Partners react similarly to each other’s dominant aspect because of the symmetry of the relation. One perceives the other as quite competent in their first aspect and freely commends their attentiveness. There is a sense that they are alike except that the other partner took a flexible interest one step further and handles it with more seriousness. The results partner wants conciseness when the flexible partner discusses the aspect without any critical points. Meanwhile, the flexible partner thinks there is always a benefit to exploration, and therefore the results partner could afford to open their awareness of their dominant priority. Even if they do not naturally agree on what to do with their dominant aspects, Faux-identicals appreciate what the other contributes.

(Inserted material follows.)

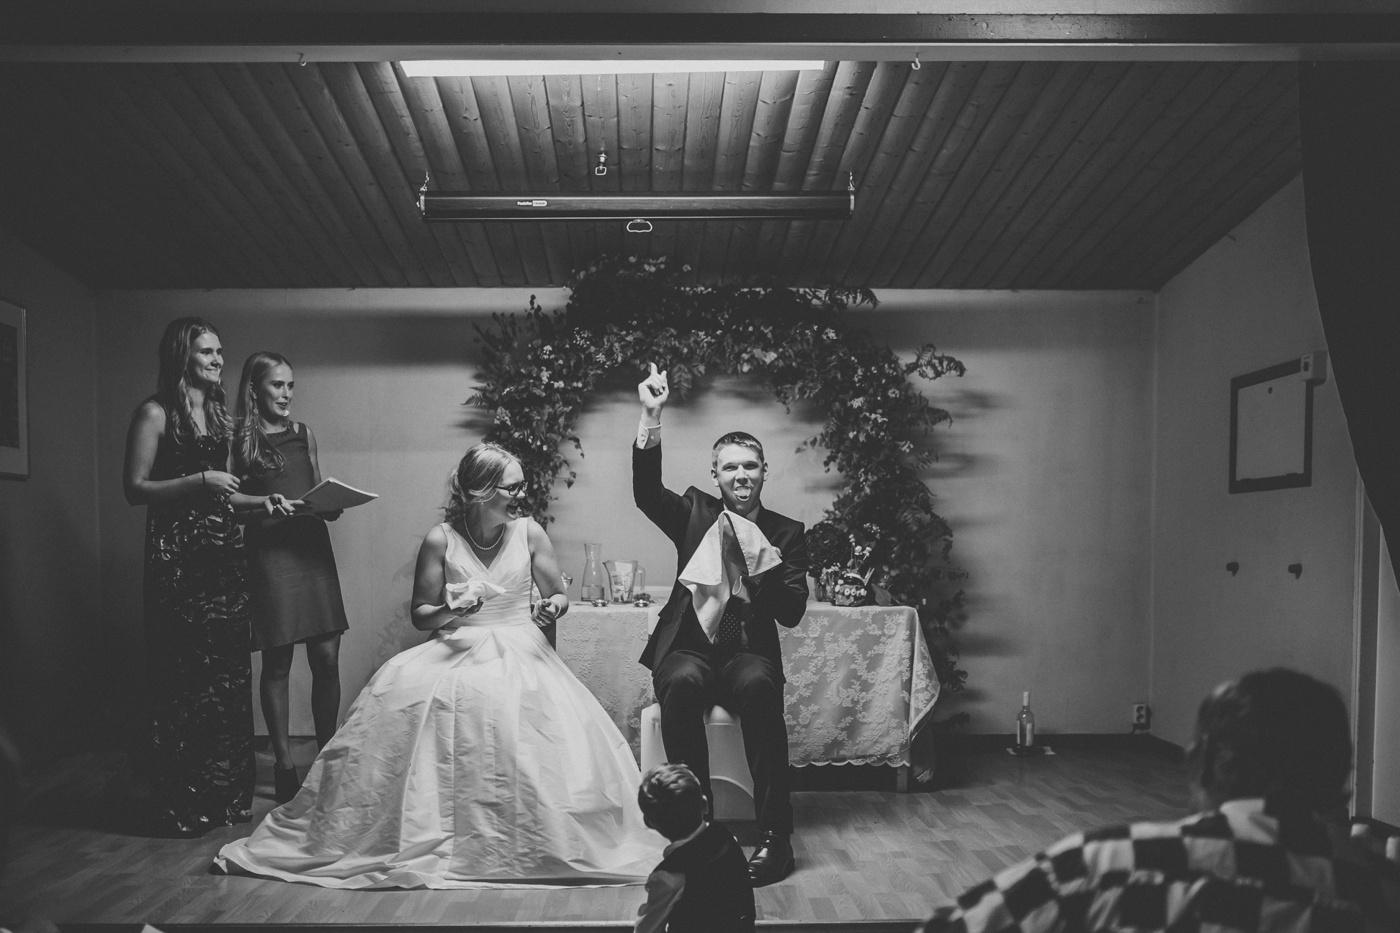 ceciliajoakim_sweden-countryside-summer-wedding_melbourne-fun-quirky-wedding-photography_80

Unconfident areas of this relation also symmetrically differ in process and results. Where one partner is insecure in an aspect, the other is unconcerned about it. Questioning the ability of everyone to handle a certain priority, the insecure person feels like the unconcerned person does not take their concerns seriously. The unconcerned person would rather the insecure person handle the aspect because they seem to care more about the details. If discussing the insecurities does not culminate in a way to move on, the unconcerned person will determine the most important points to a result. Partners do not directly conflict over their unconfident areas as their fourth aspects are very tolerant to extreme reactions. The Faux-identical relation illuminates how people can be similar but bring wildly different expectations to the relationship. Partners learn that people are not wrong for wanting a faster or slower pace to their priorities.

Although what has been stated above sounds quite positive, the true nature of the Faux-Identical relation is one of mutual boredom and indifference. There is no interest in processing out information that drives each partner to intrigue and fascination. They also have wildly varying goals which become pointless when in the other’s presence as they do not take a similar approach in their orientation. The Faux-Identicals usually have no interest in getting closer to one another, as nothing truly inspires them to do so. They may be able to discuss broad concepts that are common in everyday conversations, but the lack of depth becomes so quickly apparent to both people. The grand part about this relation is that neither partner is offended by the disinterest and can usually move along in their way without much to say.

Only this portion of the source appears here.